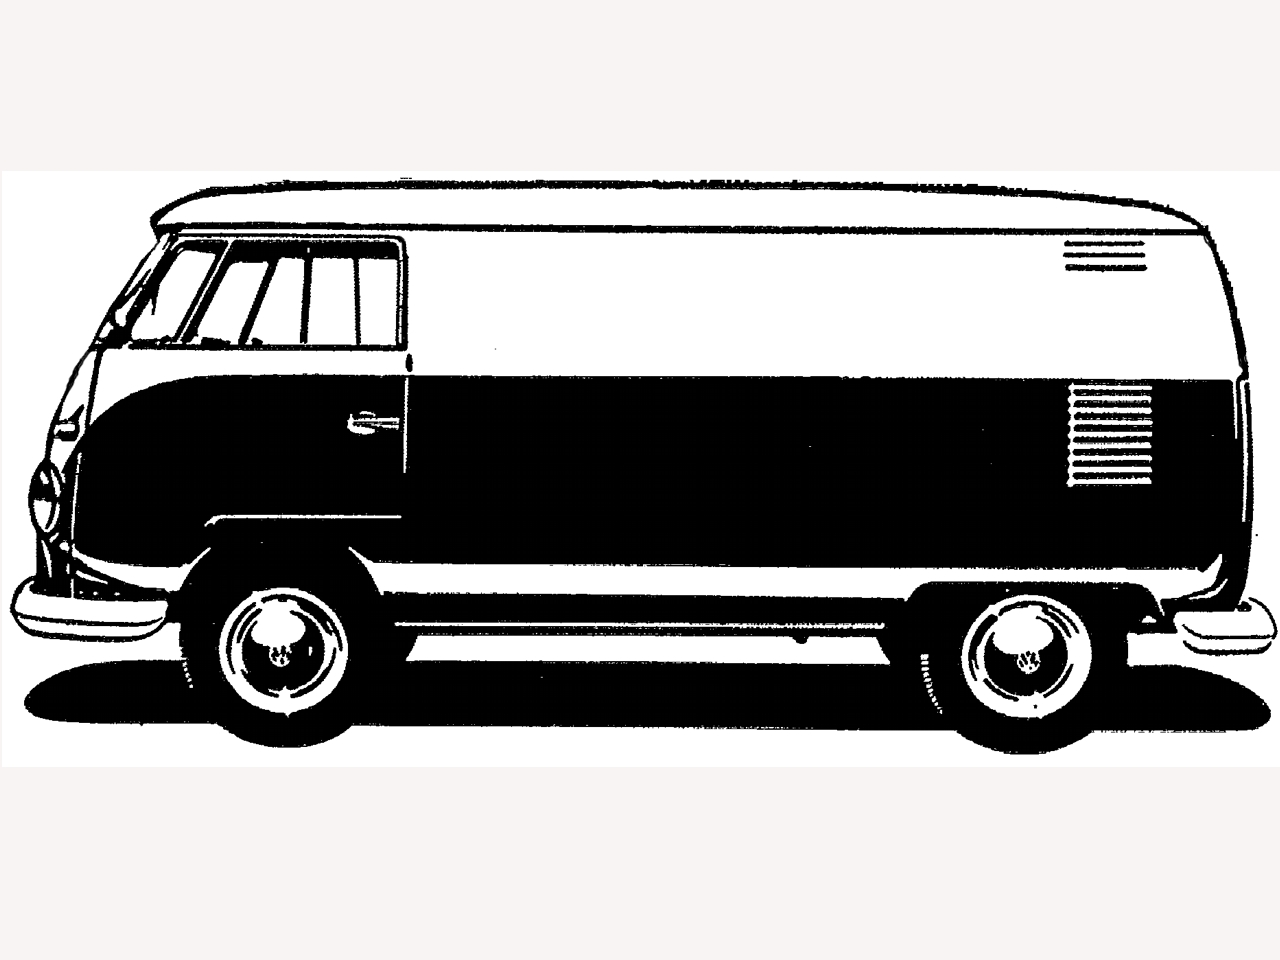 VW BUS PANEL
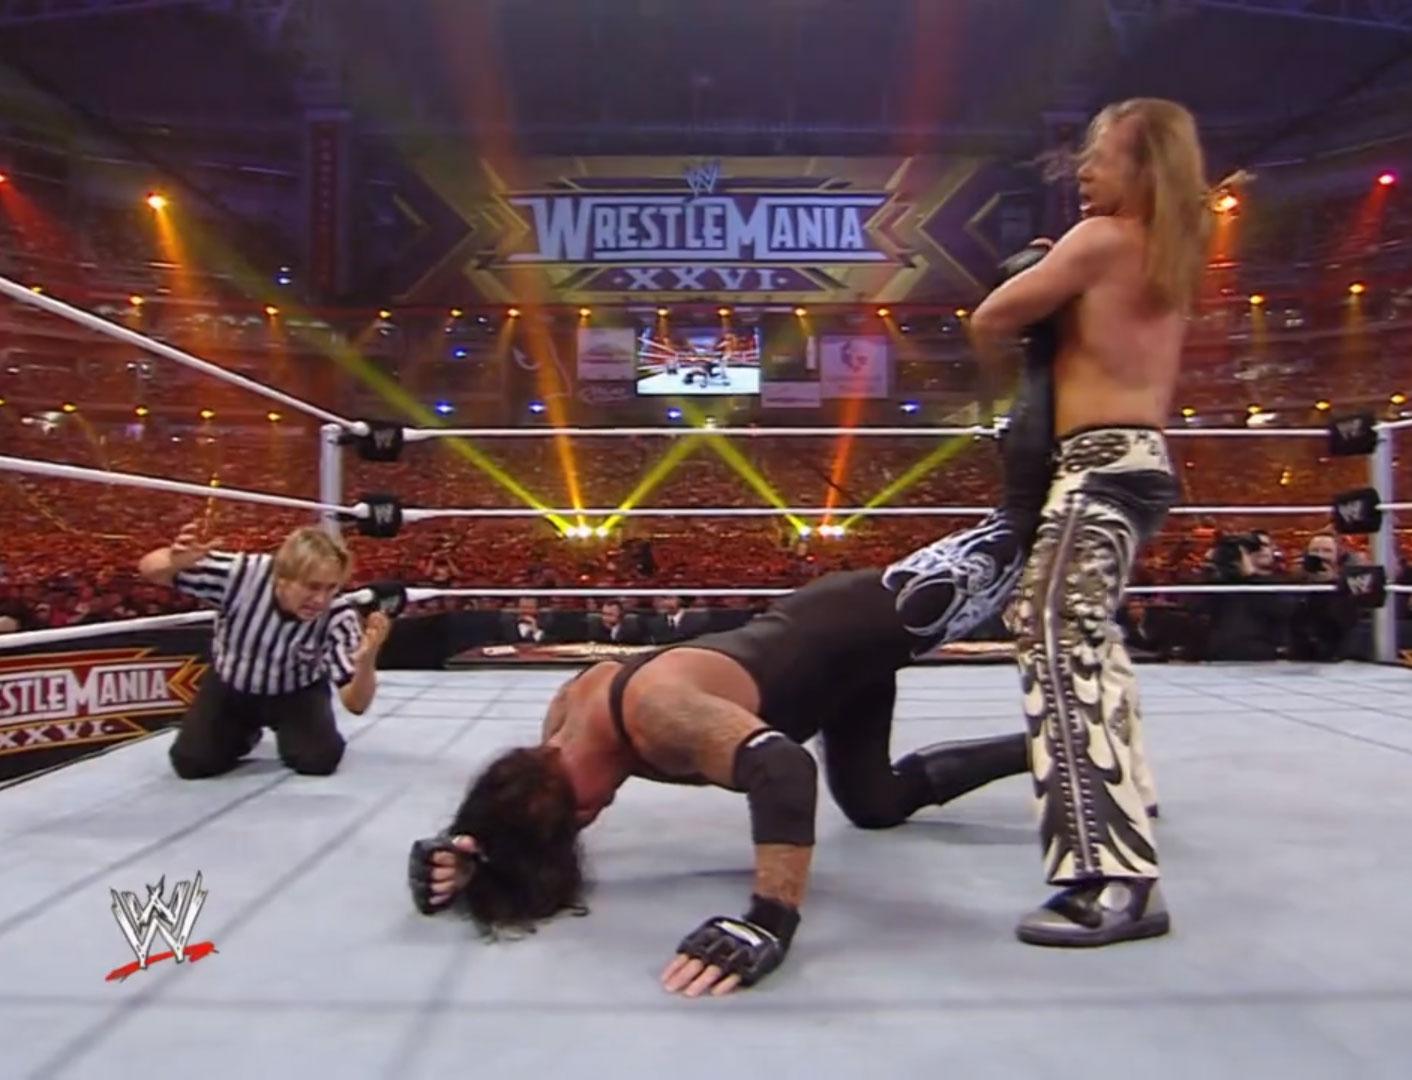 Undertaker vs. Shawn Michaels Career vs. The Streak Match WWE WrestleMania XXVI Mar 28th 2010
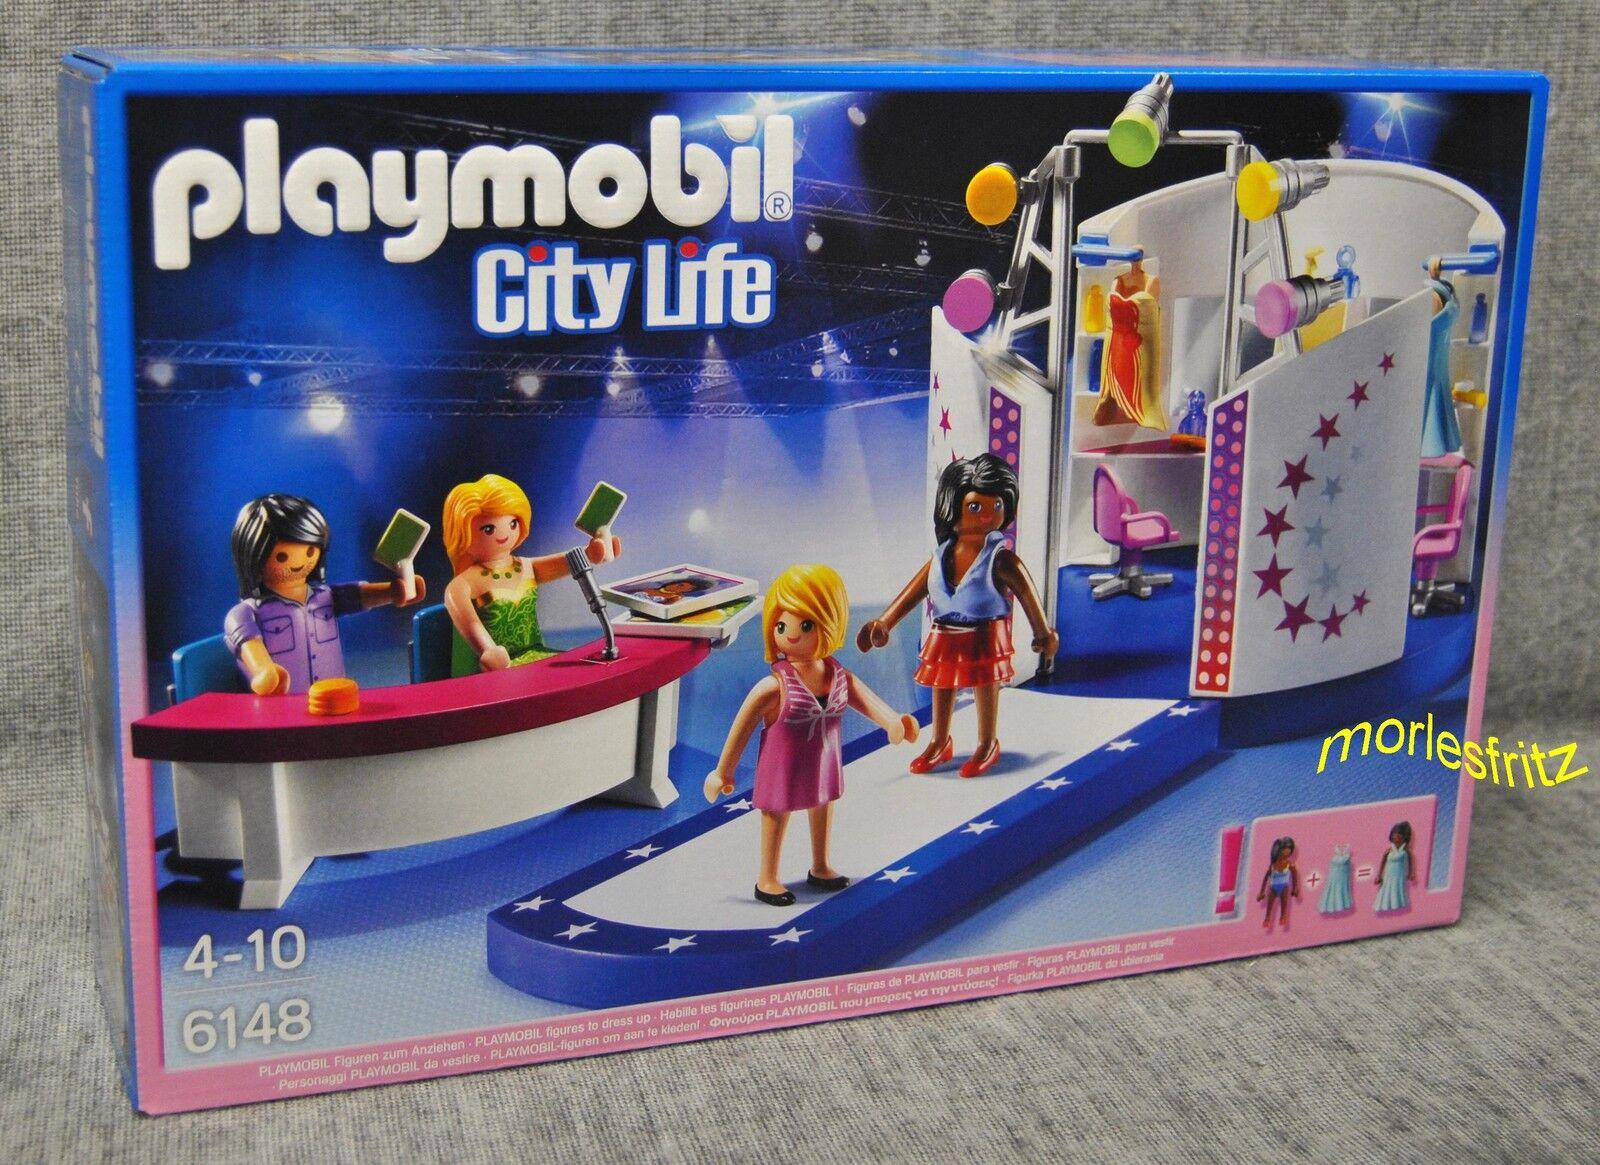 Playmobil 6148 Model-Casting auf dem Laufsteg – Castingshow - City Life - Neu
────
DIRECTIONS: Transcribe the lines that run from the line bearing "Undertaker vs. Shawn" through the last line of the data. Keep the wording exact and leave out every picture.

THE COMPLETED TASK:
 Undertaker vs. Shawn Michaels Career vs. The Streak Match WWE WrestleMania XXVI Mar 28th 2010
 Playmobil 6148 Model-Casting auf dem Laufsteg – Castingshow - City Life - Neu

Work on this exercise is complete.